Nice Mark. Dipstick tube def', and get one of Old Guy's oil rings and you're done.

8)


----------



## YELLOW_TT (Feb 25, 2004)

Looking good mate


----------



## conlechi (May 6, 2006)

Posted this in the MK1 section , looks like the mods moved it here , an area for some serious detailed cars , something my car is a long way from  but looking to improve as I go along though 



YELLOW_TT said:


> Looking good mate


Thanks Andy , not in your league yet


----------



## caney (Feb 5, 2004)

Where did you get the oil and coolent caps from?


----------



## conlechi (May 6, 2006)

caney said:


> Where did you get the oil and coolent caps from?

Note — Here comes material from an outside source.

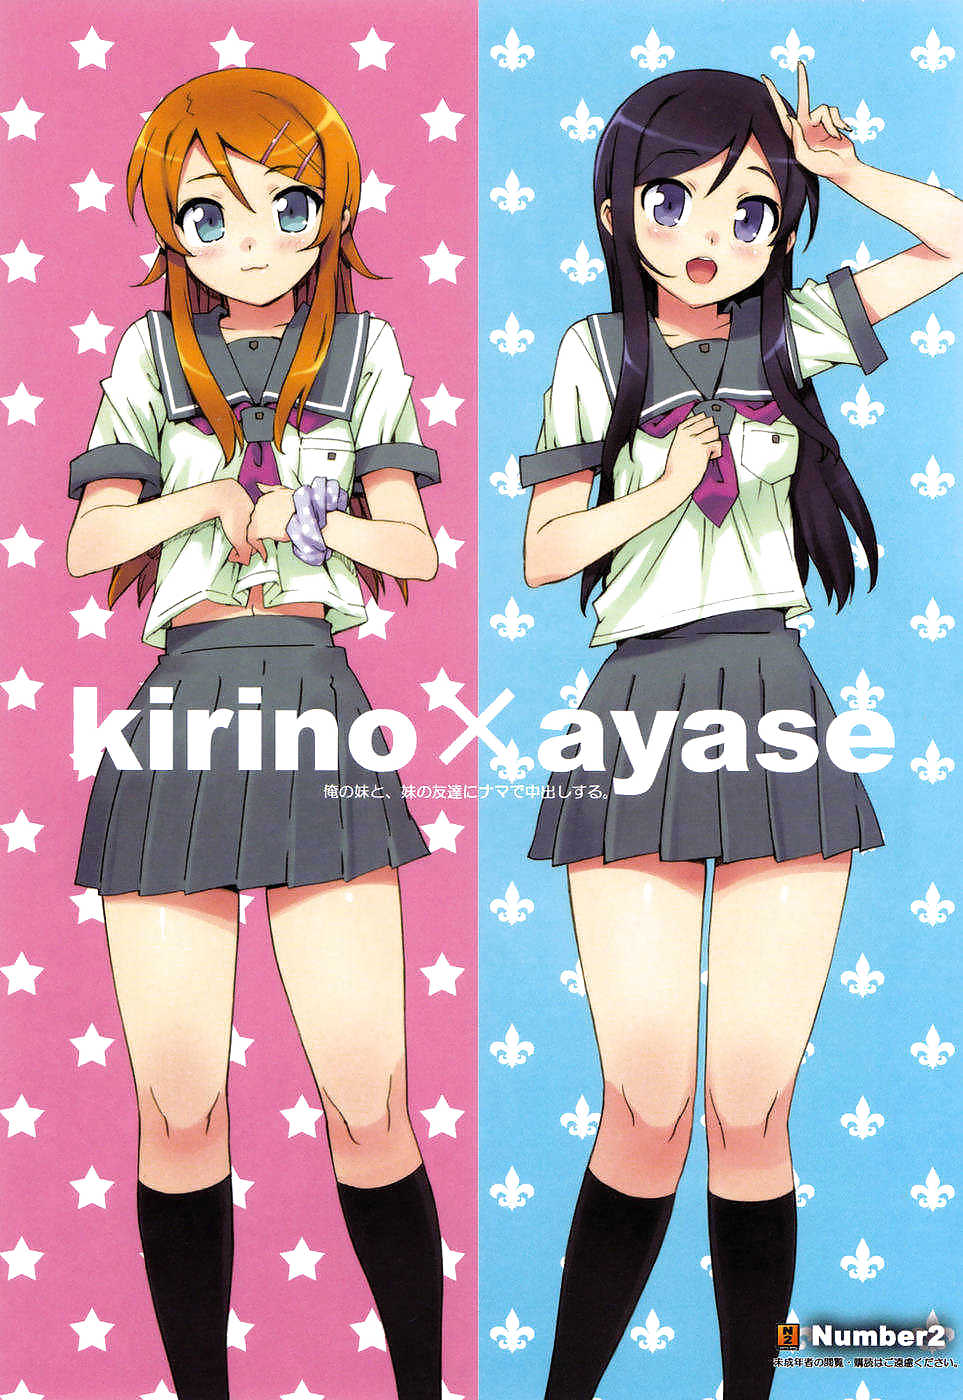 Kirino and Ayase

Hi Steve , was good to chat on Saturday , thanks for the spin in your car 8) the caps are from a Porsche 991 http://www.wotmotorsport.com/-Porsche_O ... 34546.aspx


----------



## Duggy (May 17, 2005)

Hi Mark,

It was good to meet you on Saturday and see how far you'd got with your newest TT 

Bay is looking good, thanks for posting a link to the caps, I think mine definitely needs some of those 

John


----------



## conlechi (May 6, 2006)

Duggy said:


> Hi Mark,
> 
> It was good to meet you on Saturday and see how far you'd got with your newest TT
> 
> ...


Thanks John , good to meet you too 

Trouble is I have come back from the RR day wanting more mods :roll: , I should know better by now :wink:


----------



## Ant-34 (May 27, 2013)

Wow! That is immaculate and those caps really set it off nice touch.


----------



## Duggy (May 17, 2005)

conlechi said:


> Duggy said:
> 
> 
> > Hi Mark,
> ...


I know what you mean, seeing all those mods on show is fatal 

I have also come away with a longer shopping list :roll:

John


----------



## zslover (Jun 5, 2013)

looks the nuts!


----------



## Jo's TT (Jun 15, 2013)

Top job


----------



## Audiphil (Oct 23, 2012)

Looks better than I have had new cars delivered


----------



## Templar (Mar 9, 2012)

Very nice, a credit to you. Feckin hate cleaning the engine bay personally, usually end up chopping a knuckle or sdlicing as finger.

Mk1 engine bay is much nicer to look at than as Mk2, its just seems more thought went into the design.


----------